The opposite of Mariachi is Divorciachi
[At dinner with wife’s friends]
Me: may I chime in
Wife: I swear to God if you brought your chimes-
*my bag dings a little as I unzip it*
doctors in 90s: really try to limit your screen time to 4 hours a day
doctors today: please for the love of God find a 10 minute stretch in your day where you’re not looking at a screen. actually nevermind. just do whatever you want. have some adderall
Venmo is my favorite social media site. I love to see my boy Derek charge his wife for martinis
“your password is too weak” just wait until you see my impulse control
How do you stop Canadian bacon from curling in a frying pan?
Take away its tiny brooms 🧹
Boss: I’m sorry Howard but we are going to have to let you go.
Howard: What?

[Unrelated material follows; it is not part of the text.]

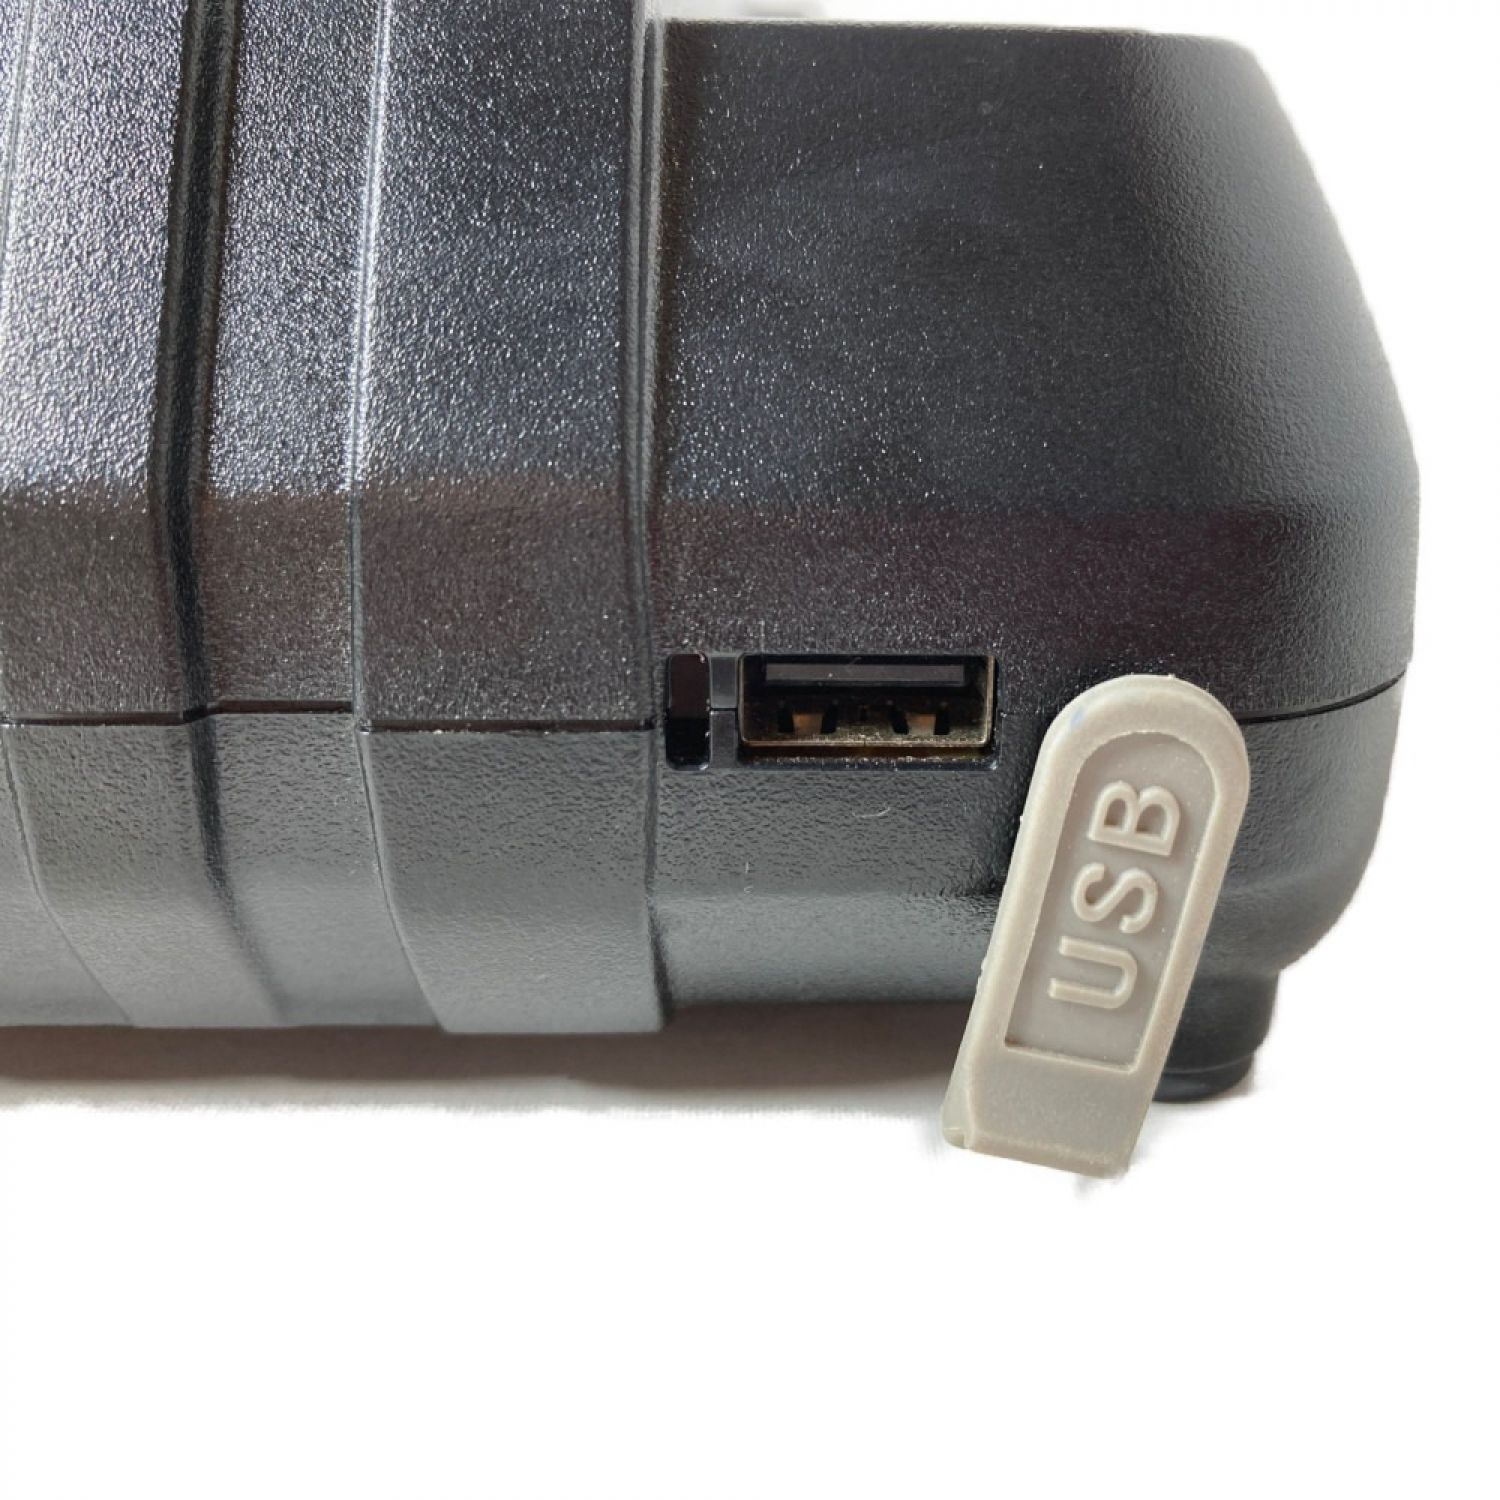 中古】 MAKITA マキタ 2口急速充電器 USB機器充電可能 7.2V~18V 本体

Why? Oh, is this because I was late? I called you and told that I got a flat tire on the way to work, I even texted you a picture.
Boss: No Howard, it’s because you stabbed Kevin in the parking lot.
{walks into farmers market}
Me: is there a bathroom here?
Worker: sorry the bathroom is for customers only
Me: ok I’ll take 4 farmers
Pluto is no longer a planet, and the U.S. might have a 51st state soon.
Looks like 3rd grade was a total waste of time.
I’m a cat person. I sleep all day and spend the rest of the time trying to convince my wife I haven’t eaten yet.